Monday, December 20, 2021

Did the Supreme Court Actually Clarify Qualified Immunity in City of Tahlequah v. Bond?

Before turning to today’s blog entry, I want to wish everyone a Merry Christmas, a happy holiday season, and a happy new year. Also, be safe.

 

Today’s blog entry is really short. Recently, I came across a legal blog entry suggesting that the Supreme Court had clarified the doctrine of qualified immunity in a per curiam decision, City of Tahlequah, Oklahoma v. Bond decided on October 18, 2021, here. Qualified immunity does come up from time to time in our blog, such as here, and I thought I would give the case a read. When I read the case, I don’t think the Supreme Court clarified much of anything at all when it comes to qualified immunity. I have divided the blog entry into the categories of what the Supreme Court said and thoughts takeaways. However, the blog entry is so short that you are going to want to read the whole thing. In fact, the blog entry probably will not make any sense if you don’t read the whole thing.

 

I

What the Supreme Court Said:

“The doctrine of qualified immunity shields officers from civil liability so long as their conduct “does not violate clearly established statutory or constitutional rights of which a reasonable person would have known.” Pearson v. Callahan, 555 U. S. 223, 231 (2009). As we have explained, qualified immunity protects “`all but the plainly incompetent or those who knowingly violate the law.'” District of Columbia v. Wesby, 583 U. S. ___, ___-___ (2018) (slip op., at 13-14) (quoting Malley v. Briggs, 475 U. S. 335, 341 (1986)).

We have repeatedly told courts not to define clearly established law at too high a level of generality. See, e.g.Ashcroft v. al-Kidd, 563 U. S. 731, 742 (2011). It is not enough that a rule be suggested by then-existing precedent; the “rule’s contours must be so well defined that it is `clear to a reasonable officer that his conduct was unlawful in the situation he confronted.'” Wesby, 583 U. S., at ___ (slip op., at 14) (quoting Saucier v. Katz, 533 U. S. 194, 202 (2001)). Such specificity is “especially important in the Fourth Amendment context,” where it is “sometimes difficult for an officer to determine how the relevant legal doctrine, here excessive force, will apply to the factual situation the officer confronts.” Mullenix v. Luna, 577 U. S. 7, 12 (2015) (per curiam) (internal quotation marks omitted).”

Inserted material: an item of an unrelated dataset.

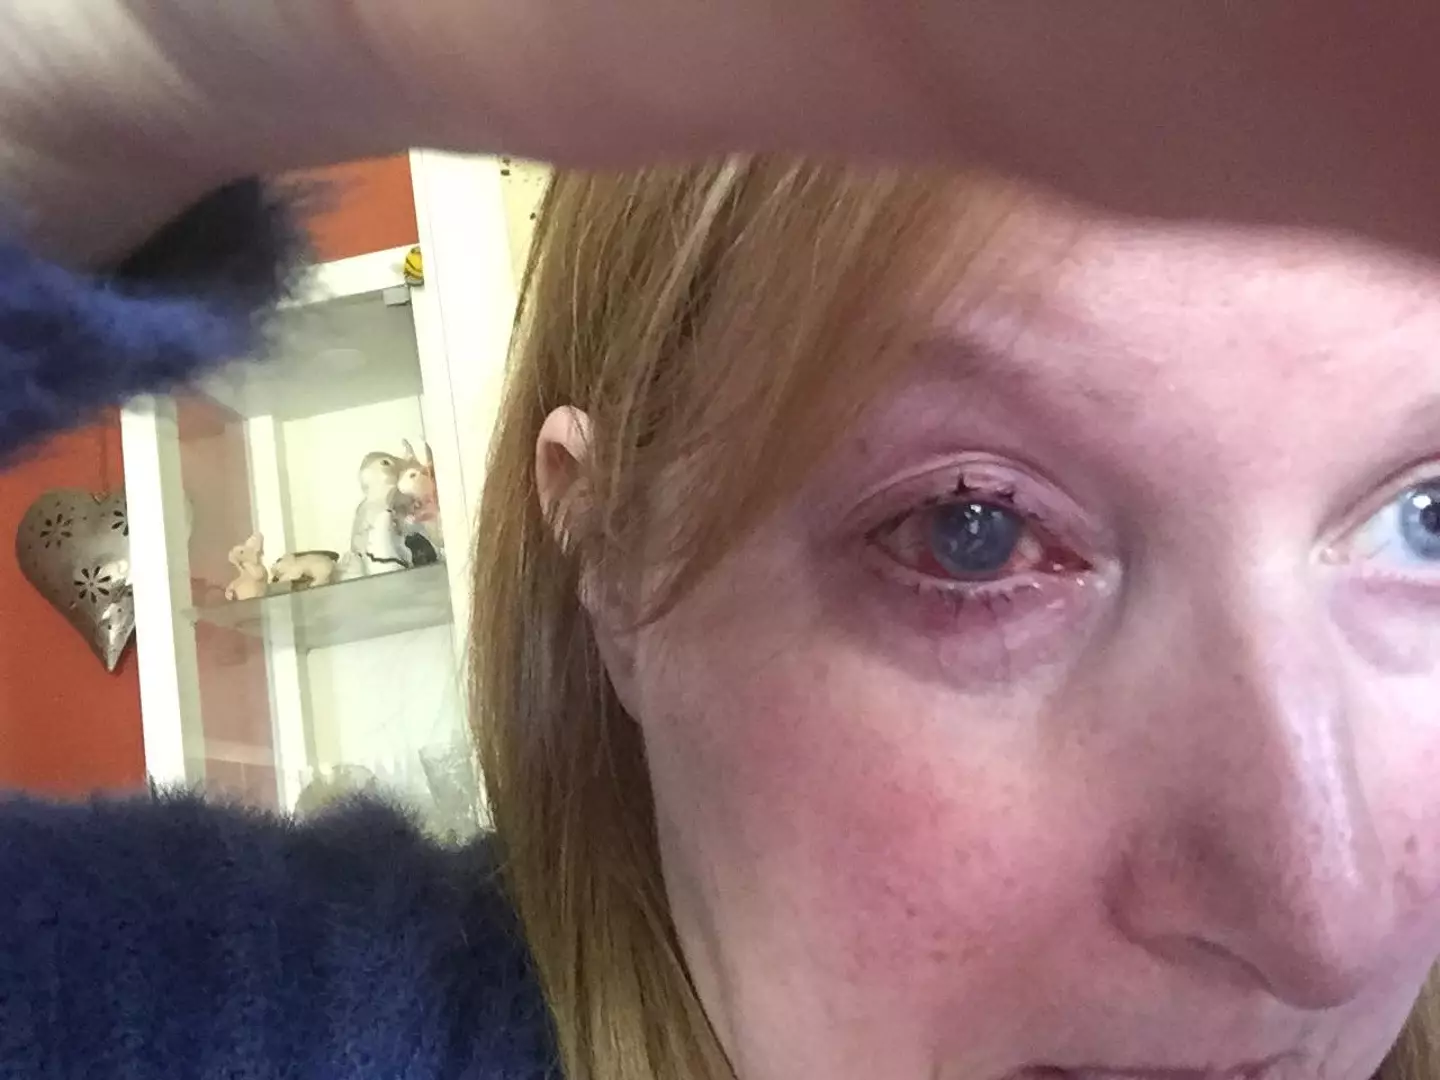 Marie Mason's eye was seriously sore, but she initially didn't know why.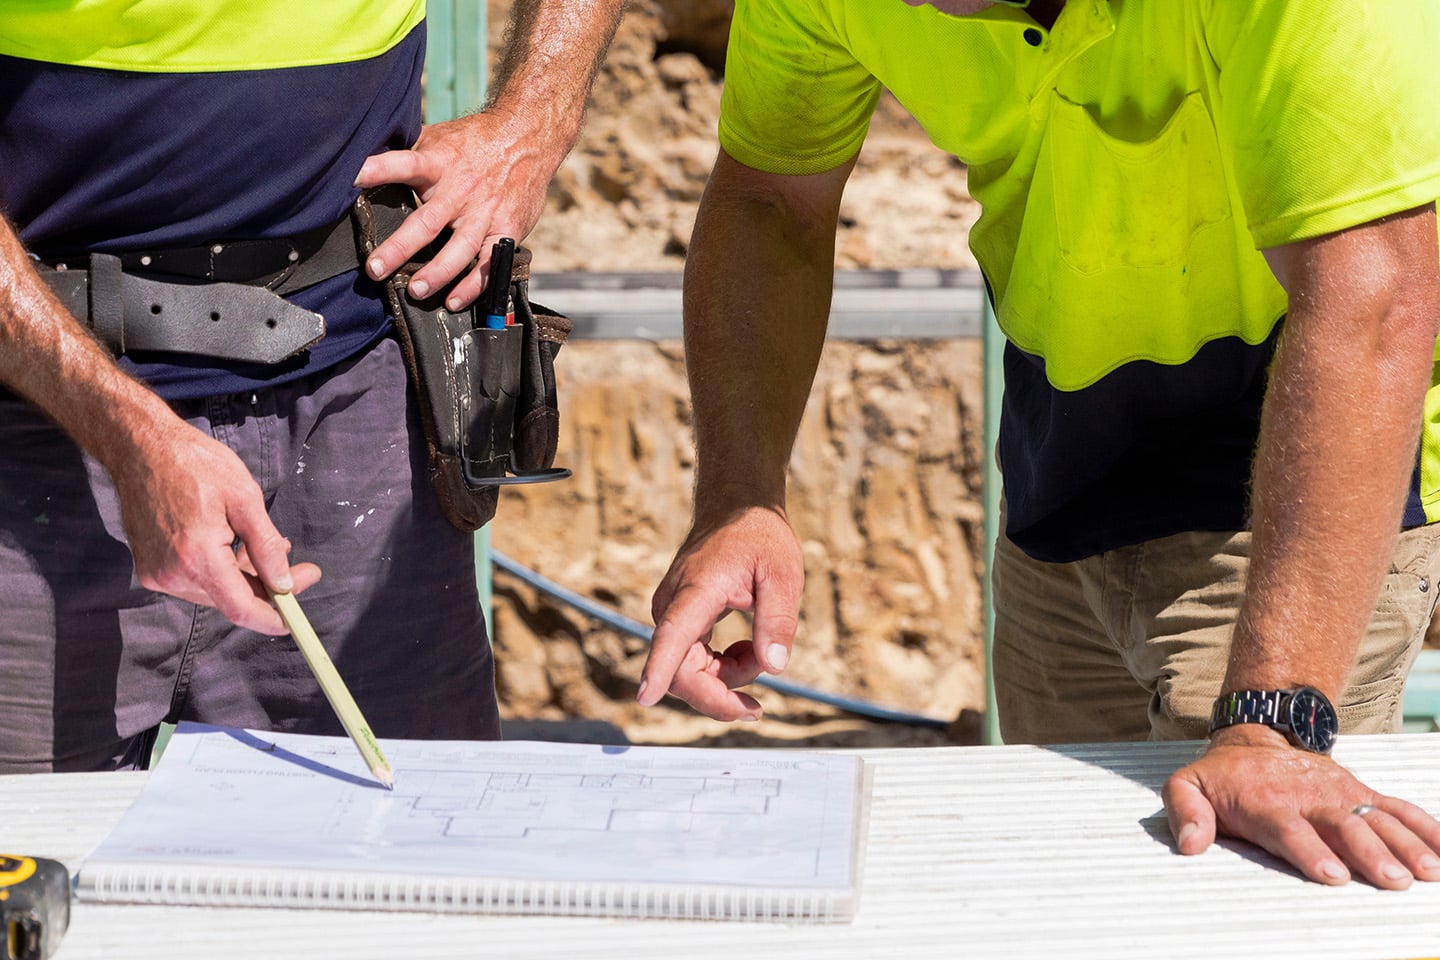 Public Sector - Quantity surveying for contract builders

On the one hand, the Supreme Court says that officers are protected from civil liability so long as their conduct does not violate clearly established statutory or constitutional rights of which a reasonable person would have known. Notice the phrase, “reasonable person.” However, the Supreme Court then goes on to say that you still get the benefit of qualified immunity so long as you are not, “plainly incompetent.” In the next paragraph, the court says that the question is whether the contours were so well defined that it was clear to a reasonable officer that his or her conduct was unlawful in the situation he or she confronted.

II

Thoughts/Takeaways

  1. Qualified immunity is a judicial doctrine. I know lots of people have been working on the issue, including members of the Federal Bar Association, among others.
  2. Qualified immunity does not come up a lot with respect to the ADA because the general rule is that there is no individual liability when it comes to ADA violations for title I, title II, or title III. There is one exception in the 11th Circuit for employees of public entities who retaliate against another individual. See Shotz v. City of Plantation, Florida. That particular case turns on the use of the word person in 42 U.S.C. §12203(a). Interestingly enough, that term does not appear in 42 U.S.C. §12203(b), the interference section. So, it is entirely possible that in the 11th Circuit individual liability for retaliation is in play but is not in play for interference claims. That distinction matters because it is not unusual at all to see police officers interfere with the rights of people with disabilities, such as, by way of example, in the case of the police getting the law wrong when it comes to a person with a service animal wanting to access a place of public accommodation.
  3. Reasonable officer, reasonable person, and plainly incompetent are to my mind different standards. For example, in a prior blog entry, here, we talked about how a case that has been used to train police officers for excessive force is a fact pattern that probably violates the ADA. Even so, officers continue to get trained using that case. A reader of my blog or a police force trained by me would know that Graham v. Connor is not the one you should be looking at if you want to comply with the ADA. On the other hand, would an officer be plainly incompetent to rely on the case that has been used for years for training with respect to excessive force cases? I am not sure they would be.
  4. The opinion also suggests that how close the match needs to be between a pre-existing case and the conduct at issue may vary depending upon context. For example, there may have to be a very close match with respect to the fourth amendment but perhaps less so with respect to other causes of action.
  5. In short, I don’t see how this case clarifies qualified immunity much at all. Things continue to be very muddled even after this decision.

Happy holidays and happy new year!!!!!!